[Data items]
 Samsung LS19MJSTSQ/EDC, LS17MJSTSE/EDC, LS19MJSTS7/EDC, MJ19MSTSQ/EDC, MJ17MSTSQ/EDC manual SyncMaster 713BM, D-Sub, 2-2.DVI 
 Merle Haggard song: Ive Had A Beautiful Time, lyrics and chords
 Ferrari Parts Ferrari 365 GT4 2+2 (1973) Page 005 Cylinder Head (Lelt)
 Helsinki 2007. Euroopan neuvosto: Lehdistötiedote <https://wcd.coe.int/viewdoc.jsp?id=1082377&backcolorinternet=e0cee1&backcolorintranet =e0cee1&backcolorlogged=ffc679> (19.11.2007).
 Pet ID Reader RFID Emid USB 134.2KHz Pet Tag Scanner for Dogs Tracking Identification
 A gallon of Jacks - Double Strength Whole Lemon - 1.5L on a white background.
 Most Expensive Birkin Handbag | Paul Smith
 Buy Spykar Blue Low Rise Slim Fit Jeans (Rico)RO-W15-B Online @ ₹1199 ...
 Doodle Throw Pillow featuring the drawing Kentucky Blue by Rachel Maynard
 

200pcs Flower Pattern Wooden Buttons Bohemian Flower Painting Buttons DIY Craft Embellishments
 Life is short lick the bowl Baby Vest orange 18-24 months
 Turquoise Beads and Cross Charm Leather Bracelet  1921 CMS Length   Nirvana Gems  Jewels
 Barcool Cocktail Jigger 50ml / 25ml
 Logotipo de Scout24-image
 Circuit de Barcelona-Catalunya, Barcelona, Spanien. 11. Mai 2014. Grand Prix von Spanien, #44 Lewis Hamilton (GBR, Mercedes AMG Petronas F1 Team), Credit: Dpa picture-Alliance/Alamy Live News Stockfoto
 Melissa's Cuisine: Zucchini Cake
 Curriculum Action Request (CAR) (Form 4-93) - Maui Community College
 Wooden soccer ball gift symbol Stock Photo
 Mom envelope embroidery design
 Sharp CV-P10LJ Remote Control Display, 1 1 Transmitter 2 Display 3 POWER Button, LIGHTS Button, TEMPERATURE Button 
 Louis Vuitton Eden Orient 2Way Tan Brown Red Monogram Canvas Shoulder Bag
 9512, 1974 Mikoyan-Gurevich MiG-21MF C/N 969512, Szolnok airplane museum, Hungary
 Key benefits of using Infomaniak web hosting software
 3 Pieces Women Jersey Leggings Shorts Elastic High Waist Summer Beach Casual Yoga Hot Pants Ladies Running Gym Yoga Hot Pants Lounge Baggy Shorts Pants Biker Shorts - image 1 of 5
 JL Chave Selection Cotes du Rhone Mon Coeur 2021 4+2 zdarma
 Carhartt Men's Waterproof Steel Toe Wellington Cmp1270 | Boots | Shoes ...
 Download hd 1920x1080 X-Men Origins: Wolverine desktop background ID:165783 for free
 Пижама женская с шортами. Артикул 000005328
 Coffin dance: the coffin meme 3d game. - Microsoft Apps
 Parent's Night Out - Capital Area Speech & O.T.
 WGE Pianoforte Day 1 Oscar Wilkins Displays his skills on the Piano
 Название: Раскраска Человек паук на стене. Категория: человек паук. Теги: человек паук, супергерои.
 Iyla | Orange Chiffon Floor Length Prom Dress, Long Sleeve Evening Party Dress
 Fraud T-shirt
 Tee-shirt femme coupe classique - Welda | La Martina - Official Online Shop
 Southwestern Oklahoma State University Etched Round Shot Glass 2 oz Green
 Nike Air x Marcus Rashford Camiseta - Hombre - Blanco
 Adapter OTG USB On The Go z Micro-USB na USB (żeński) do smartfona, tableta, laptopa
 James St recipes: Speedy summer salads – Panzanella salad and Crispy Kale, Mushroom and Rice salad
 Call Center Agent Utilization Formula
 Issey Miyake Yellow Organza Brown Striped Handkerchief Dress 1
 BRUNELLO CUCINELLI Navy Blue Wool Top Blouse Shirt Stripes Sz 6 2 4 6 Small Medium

▶ **TASK DETAILS**: Beginning with the top line of the data above, output every line exactly until the one that contains "Ferrari Parts Ferrari", and include that one too.

▶ **SOLUTION BELOW**:
 Samsung LS19MJSTSQ/EDC, LS17MJSTSE/EDC, LS19MJSTS7/EDC, MJ19MSTSQ/EDC, MJ17MSTSQ/EDC manual SyncMaster 713BM, D-Sub, 2-2.DVI 
 Merle Haggard song: Ive Had A Beautiful Time, lyrics and chords
 Ferrari Parts Ferrari 365 GT4 2+2 (1973) Page 005 Cylinder Head (Lelt)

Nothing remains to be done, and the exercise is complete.